Corporations are not people, they are tools and a tool does not dictate to the artisan how it will be used. Crony politics has elevated corporations above their tool status and given them creative license which diminishes the rights of living, breathing, feeling, human beings. A corporate “person” has no soul, no conscience, no concept of right and wrong, and if they have been endowed with enough money and the members have enough influence, there is no higher power they recognize or answer to. Individuals who come together for a common purpose and incorporate are not a bad thing. As individuals, they maintain the rights which have been constitutionally granted to them however when we grant a corporation those same constitutional rights the balance is unjustly weighted on the side of the corporation. By virtue of the vast resources a corporation has access to granting full constitutional rights to a corporate “person” makes the American dream of a level playing field impossible to attain.

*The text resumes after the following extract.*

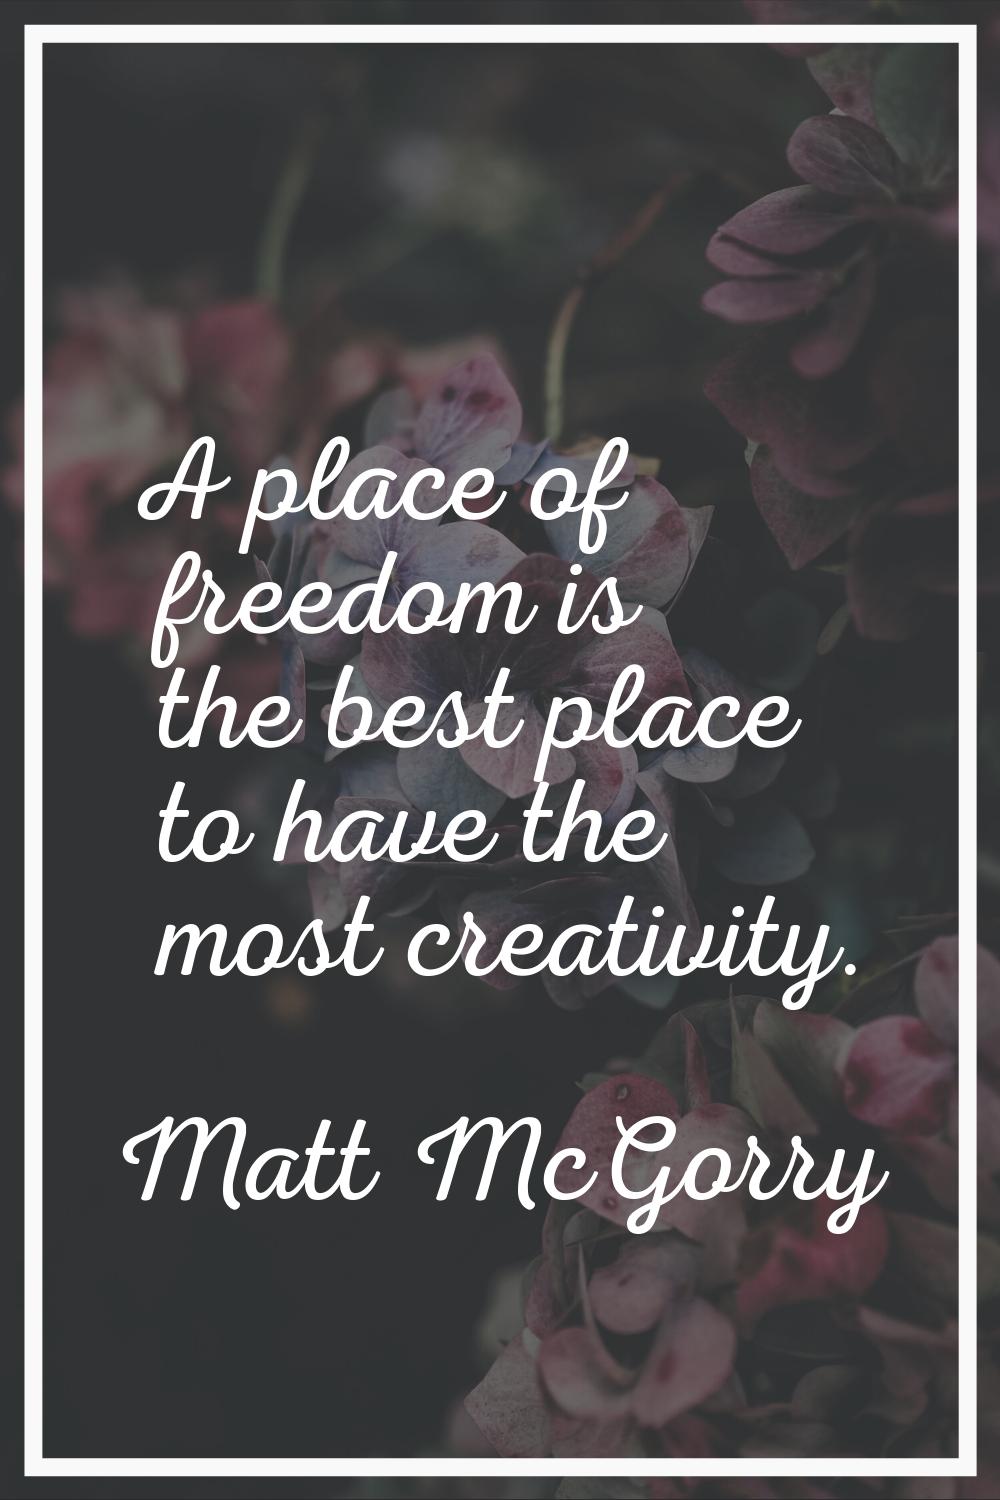 A place of freedom is the best place to have the most creativity.

We the People, that’s us, that’s you and me regardless of our political affiliation, must come together and demand an amendment to the Constitution which makes it clear the rights protected by the Constitution of the United States of America are the rights of natural human beings and not corporate “persons” because money and influence do not equal free speech. Move to Amend (https://movetoamend.org/wethepeopleamendment) is spot on when they say, “Federal, State, and local government shall regulate, limit, or prohibit contributions and expenditures, including a candidates own contributions and expenditures, to ensure that citizens, regardless of their economic status, have access to the political process, and that no person gains, as a result of their money, substantially more access or ability to influence in any way the election of any candidate for public office or any ballot measure. Federal, State, and local government shall require that any permissible contributions and expenditures be publicly disclosed. The judiciary shall not construe the spending of money to influence elections to be speech under the First Amendment.”
It’s time we take our government back and say no to the corporations which have usurped the political process; a corporation is not a person, you and I are –we are “We the People”.